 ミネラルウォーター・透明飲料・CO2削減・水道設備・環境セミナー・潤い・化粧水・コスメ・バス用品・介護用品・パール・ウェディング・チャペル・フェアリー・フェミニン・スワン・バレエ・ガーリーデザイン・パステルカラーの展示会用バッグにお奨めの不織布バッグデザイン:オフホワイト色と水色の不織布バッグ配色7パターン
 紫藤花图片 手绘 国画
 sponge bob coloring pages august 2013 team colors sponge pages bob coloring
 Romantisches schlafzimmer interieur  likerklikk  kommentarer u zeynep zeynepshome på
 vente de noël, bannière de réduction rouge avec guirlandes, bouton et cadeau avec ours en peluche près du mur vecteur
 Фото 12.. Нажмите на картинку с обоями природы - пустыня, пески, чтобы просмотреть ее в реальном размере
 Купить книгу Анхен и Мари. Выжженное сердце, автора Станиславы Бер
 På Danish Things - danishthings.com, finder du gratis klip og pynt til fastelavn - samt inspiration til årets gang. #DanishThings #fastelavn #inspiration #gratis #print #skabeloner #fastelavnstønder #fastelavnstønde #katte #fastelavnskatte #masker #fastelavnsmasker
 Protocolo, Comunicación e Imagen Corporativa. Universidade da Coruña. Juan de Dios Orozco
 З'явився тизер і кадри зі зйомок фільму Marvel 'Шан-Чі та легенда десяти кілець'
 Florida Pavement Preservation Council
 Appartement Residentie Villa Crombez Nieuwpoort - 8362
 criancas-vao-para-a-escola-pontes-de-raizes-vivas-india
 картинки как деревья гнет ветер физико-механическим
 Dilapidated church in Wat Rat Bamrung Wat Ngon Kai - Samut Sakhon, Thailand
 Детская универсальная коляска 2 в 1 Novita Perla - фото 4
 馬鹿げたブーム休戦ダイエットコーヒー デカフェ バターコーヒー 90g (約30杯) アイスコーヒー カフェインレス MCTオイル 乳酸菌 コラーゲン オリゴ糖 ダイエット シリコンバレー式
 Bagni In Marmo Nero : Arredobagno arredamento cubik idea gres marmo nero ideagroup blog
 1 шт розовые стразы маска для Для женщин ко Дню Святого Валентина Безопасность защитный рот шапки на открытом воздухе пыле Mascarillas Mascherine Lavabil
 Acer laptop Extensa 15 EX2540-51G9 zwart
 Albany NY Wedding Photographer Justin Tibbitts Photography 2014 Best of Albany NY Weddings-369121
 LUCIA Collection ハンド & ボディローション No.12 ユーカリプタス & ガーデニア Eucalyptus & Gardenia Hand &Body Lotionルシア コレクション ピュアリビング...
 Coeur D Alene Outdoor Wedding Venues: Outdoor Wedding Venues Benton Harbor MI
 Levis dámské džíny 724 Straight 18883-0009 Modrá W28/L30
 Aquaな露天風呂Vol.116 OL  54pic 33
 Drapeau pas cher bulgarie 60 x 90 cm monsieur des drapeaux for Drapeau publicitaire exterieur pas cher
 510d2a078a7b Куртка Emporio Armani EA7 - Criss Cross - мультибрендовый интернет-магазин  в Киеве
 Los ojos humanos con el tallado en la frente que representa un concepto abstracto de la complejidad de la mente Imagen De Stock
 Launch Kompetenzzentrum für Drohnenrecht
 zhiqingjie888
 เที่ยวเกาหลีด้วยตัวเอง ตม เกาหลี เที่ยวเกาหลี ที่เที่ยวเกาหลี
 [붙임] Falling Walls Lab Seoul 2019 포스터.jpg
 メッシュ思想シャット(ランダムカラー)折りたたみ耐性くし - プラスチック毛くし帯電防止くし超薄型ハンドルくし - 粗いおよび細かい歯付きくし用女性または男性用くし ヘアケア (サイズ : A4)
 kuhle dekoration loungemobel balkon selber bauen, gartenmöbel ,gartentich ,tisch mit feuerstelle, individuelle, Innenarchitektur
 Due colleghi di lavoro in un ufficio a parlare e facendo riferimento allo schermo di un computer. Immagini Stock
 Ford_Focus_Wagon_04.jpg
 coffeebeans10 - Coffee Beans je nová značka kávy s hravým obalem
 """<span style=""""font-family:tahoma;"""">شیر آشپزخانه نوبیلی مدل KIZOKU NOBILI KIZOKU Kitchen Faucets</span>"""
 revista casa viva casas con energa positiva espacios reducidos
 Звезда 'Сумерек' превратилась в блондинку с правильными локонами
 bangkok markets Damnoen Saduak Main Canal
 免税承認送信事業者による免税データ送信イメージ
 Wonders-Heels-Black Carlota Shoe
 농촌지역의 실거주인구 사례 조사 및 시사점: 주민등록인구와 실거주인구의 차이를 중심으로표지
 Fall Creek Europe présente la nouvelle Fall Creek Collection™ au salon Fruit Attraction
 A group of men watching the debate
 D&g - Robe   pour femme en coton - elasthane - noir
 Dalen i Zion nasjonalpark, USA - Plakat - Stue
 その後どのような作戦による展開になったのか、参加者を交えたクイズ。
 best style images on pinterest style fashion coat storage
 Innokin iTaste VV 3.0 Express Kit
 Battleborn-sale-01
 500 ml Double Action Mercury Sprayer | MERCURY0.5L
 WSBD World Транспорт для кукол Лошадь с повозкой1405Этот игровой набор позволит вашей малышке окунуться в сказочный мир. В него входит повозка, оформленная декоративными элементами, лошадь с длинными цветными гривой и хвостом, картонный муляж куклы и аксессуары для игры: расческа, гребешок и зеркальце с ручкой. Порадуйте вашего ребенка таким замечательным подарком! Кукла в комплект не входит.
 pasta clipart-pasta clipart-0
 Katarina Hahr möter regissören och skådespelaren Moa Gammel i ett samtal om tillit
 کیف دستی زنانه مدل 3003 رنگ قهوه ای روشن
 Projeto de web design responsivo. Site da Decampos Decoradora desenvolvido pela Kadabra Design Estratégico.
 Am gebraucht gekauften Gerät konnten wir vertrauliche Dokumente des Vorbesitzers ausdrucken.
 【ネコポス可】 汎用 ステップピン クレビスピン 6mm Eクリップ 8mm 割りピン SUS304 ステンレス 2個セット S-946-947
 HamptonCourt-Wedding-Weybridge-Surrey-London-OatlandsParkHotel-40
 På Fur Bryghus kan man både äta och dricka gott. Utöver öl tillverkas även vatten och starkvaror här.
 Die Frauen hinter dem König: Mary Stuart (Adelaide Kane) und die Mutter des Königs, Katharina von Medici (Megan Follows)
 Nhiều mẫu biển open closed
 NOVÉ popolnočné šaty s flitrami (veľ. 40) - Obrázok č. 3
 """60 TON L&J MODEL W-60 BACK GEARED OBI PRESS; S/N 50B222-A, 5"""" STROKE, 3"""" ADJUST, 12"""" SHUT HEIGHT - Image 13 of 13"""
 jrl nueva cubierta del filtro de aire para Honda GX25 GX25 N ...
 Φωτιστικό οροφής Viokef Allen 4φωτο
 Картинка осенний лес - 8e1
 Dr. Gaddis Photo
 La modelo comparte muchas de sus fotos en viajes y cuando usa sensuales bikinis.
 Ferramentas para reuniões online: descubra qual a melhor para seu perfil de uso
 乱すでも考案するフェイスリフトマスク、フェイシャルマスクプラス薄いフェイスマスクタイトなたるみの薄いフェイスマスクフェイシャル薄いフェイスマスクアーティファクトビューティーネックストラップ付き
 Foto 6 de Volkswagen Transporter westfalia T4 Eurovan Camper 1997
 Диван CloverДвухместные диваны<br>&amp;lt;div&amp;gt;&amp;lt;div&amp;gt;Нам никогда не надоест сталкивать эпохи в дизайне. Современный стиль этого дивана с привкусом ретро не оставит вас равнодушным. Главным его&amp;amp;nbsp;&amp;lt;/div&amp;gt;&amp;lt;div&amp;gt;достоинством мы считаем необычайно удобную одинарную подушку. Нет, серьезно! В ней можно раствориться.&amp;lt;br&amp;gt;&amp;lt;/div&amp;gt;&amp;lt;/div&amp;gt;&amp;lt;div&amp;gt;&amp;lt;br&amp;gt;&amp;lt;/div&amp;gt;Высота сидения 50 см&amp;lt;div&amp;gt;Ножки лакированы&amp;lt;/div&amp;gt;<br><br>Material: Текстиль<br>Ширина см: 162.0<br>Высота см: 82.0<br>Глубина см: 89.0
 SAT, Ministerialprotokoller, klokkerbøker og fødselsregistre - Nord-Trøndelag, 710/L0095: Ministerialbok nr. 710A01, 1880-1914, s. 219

============================================================

Problem to work on.
Whenever the word "Imagen" appears in a line of the listing, report that line.

Answer to this problem.
 Protocolo, Comunicación e Imagen Corporativa. Universidade da Coruña. Juan de Dios Orozco
 Los ojos humanos con el tallado en la frente que representa un concepto abstracto de la complejidad de la mente Imagen De Stock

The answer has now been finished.